Pero su legajo puede leerse con la misma facilidad como una voluntad de
explotación, o como una resistencia a la jubilación herbívora de tantos
escritores e intelectuales norteamericanos.
Si "Los
ejercitos de la noche" ilustró y reforzó el espíritu de radicalidad
antibélico, "La canción del verdugo" expuso la profunda reserva de
resentimiento populista que desde entonces viene desesperando a liberales y
radicales. Si su obra maestra de ficción, "El fantasma de Harolt",
enfatizó el mortal poder invasor del estado de seguridad nacional, "Oswald", su
libro siguiente, fue una advertencia contra confortables explicaciones de la
omnipotencia conspirativa. Su última novela, "The Gospel according to the
Son" (El Evangelio según el Hijo), se propone como una reescritura
radical del Nuevo Testamento narrada por su protagonista, lo que sin duda no ha
deleitado a los fundamentalistas ni a los materialistas.
La experiencia de
vida de Mailer incluye la guerra en el Pacífico y las tempranas paranoias de la
Guerra Fría , la generación beat y la Revolución Cubana, la era Vietnam y los
rugidos del conflicto racial. Es, pues, lo suficientemente abarcadora como para
convertirlo en un espécimen. El carácter deliberadamente paradójico de su
posición de "conservador de izquierda" es un desafío algo belicoso a todos
aquellos que permanecen fijados en la ortodoxia o la corrección.
Su nombre en
Estados Unidos es sinónimo de disidencia permanente. Usted siempre estuvo
en la oposición: no sólo respecto de las mayorias ; también dentro del
circuito Intelectual, o incluso de su propio círculo de amistades. Recuerdo
haberle oído decir una vez que había refinado su disidencia hasta darle un
nombre, y que se definía a sí mismo como un orgulloso
conservador de izquierda.
¿Puede
desarrollar este concepto?
-Casi imposible:
una de las leyes de la retórica dice que no se puede desarrollar un oxímoron. Y
ése es el efecto que produce ser un conservador de izquierda: la gente deja de
pensar y te mira atónita.
Se habla de
quiebre de los valores, yo no creo que haya un quiebre sino una colisión de
valores. Cuanto más fanática de los valores se vuelve la gente, menos valores
hay, por el esfuerzo que demanda defenderlos. Y eso es lo que pasa hoy en día.
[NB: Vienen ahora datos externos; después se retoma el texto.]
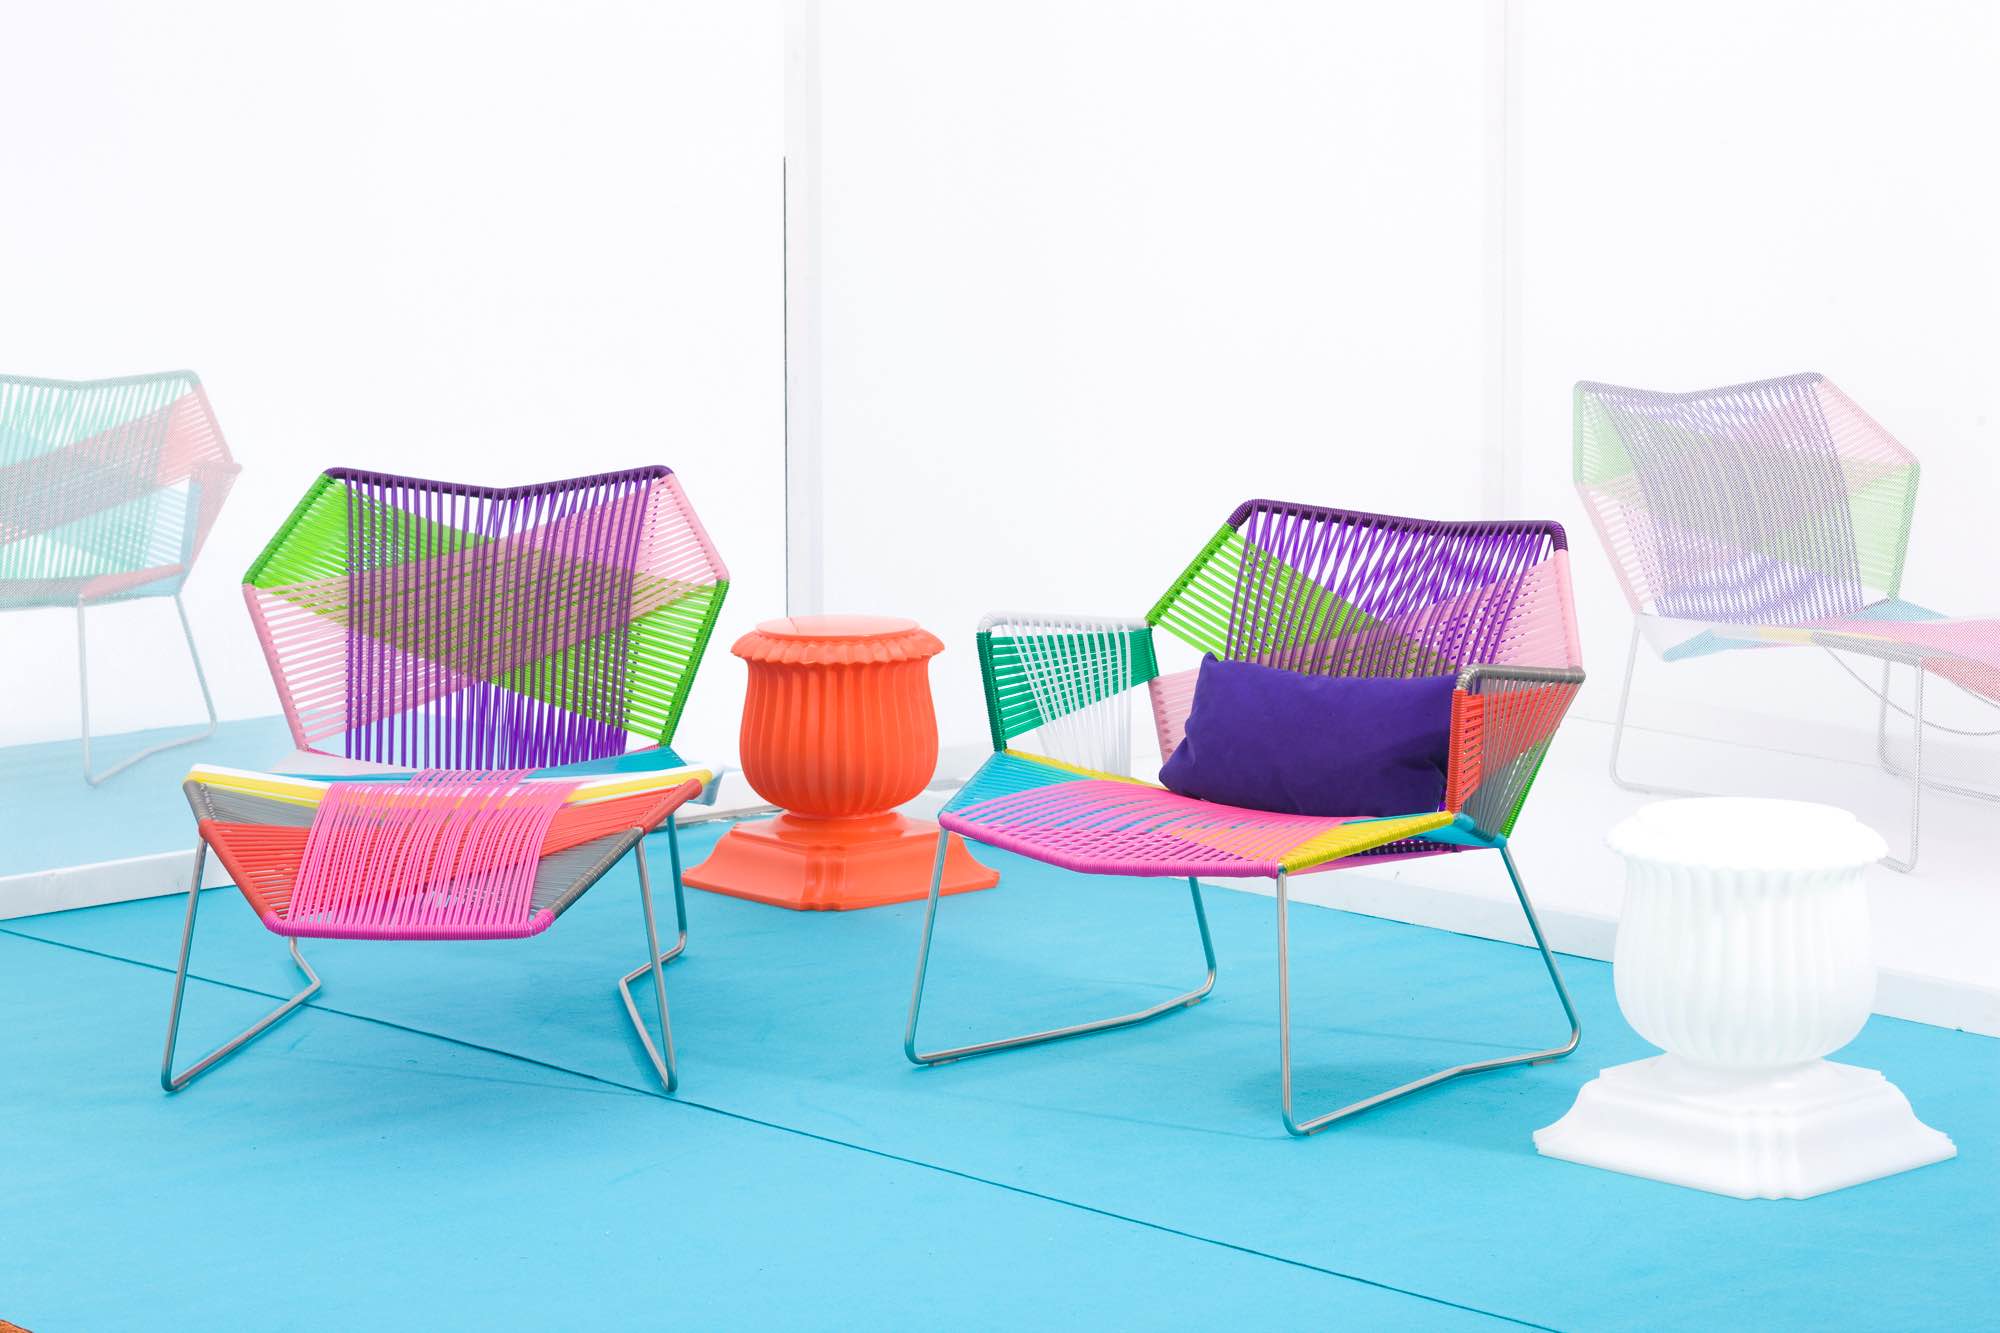 熱塑性聚合繩編織而成的 Tropicalia 單椅，是 Patricia Urquiola 最知名的戶外家具代表作。
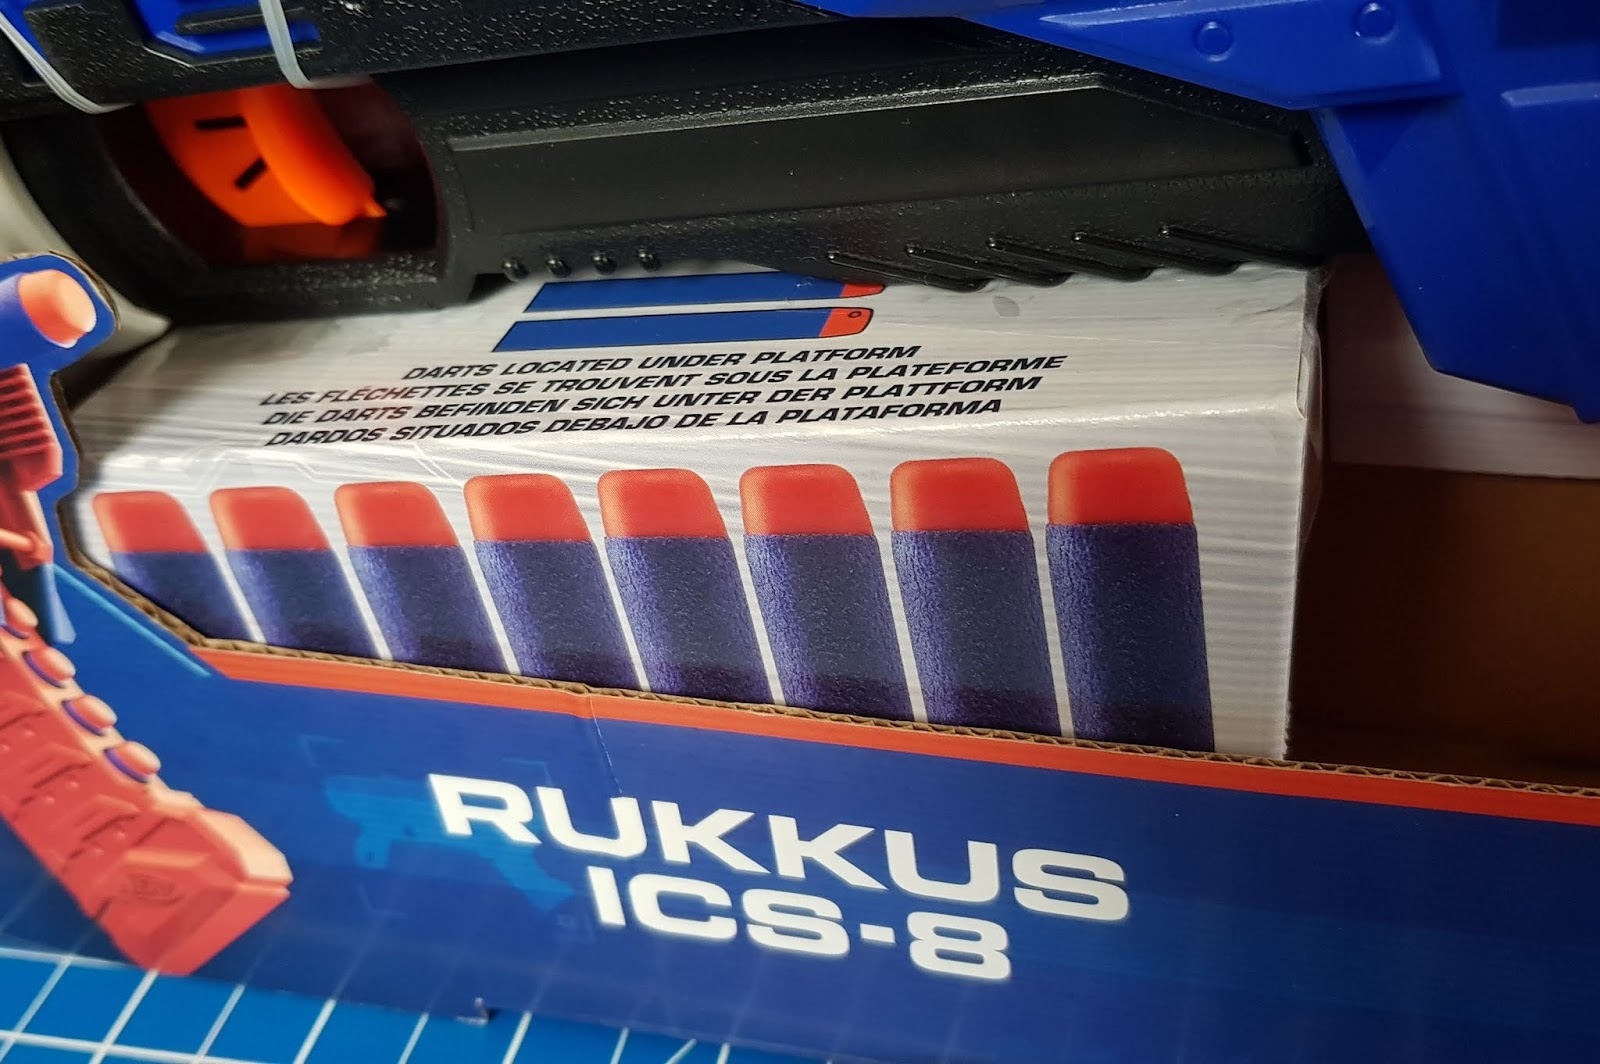 NERF Rukkus Ics-8 N-strike Elite E2654 Includes 8 Darts for sale

De modo que uno debe decidir dónde es de izquierda y dónde conservador. Para mí
es algo relativamente simple, pero no le pediría a nadie que fuera un
conservador de izquierda. Un modo de definirlo es decir en contra de qué está
uno. Yo diría que estoy contra las corporaciones. Creo que las corporaciones le
hicieron tanto daño al mundo (o sin duda se lo habrán hecho para cuando
desaparezcan) como el que los comunistas le hicieron a la inteligencia del
pueblo ruso. De hecho, el corporativismo y el estanilismo tienen más semejanzas
que diferencias. Por otro lado, estoy totalmente en contra de la "corrección
política". Creo que algo invalorable desapareció en el mundo el día en que
los grupos étnicos dejaron de insuflarse entre sí. No es que yo lo pregone, pero
en los viejos tiempos uno realmente sabía por qué estaba dispuesto a pelear y
por qué no. Si uno era judío, como es mi caso, muy pronto en la vida había
que tomar ciertas decisiones básicas. ¿Te pelearías o no, con alguien que te
dice judío de mierda?. Ahora nadie te dice algo así. Y, si te lo dice,
queda automáticamente descalificado. Uno ya no necesita decidir si va a
permitirlo o no. Esa clase de cosas forman parte de la pérdida de definición
que afecta hoy al mundo entero, a causa de la corrección política. Es como si
estuviéramos entrando en una gran, gran entropía.
¿Qué lo llevó
a la izquierda? ¿Qué significaba para usted ser de izquierda? ¿Y qué
clase de Izquierda es?
-Ser de
izquierda era sencillo: bastaba con creer que el capitalismo era un desastre.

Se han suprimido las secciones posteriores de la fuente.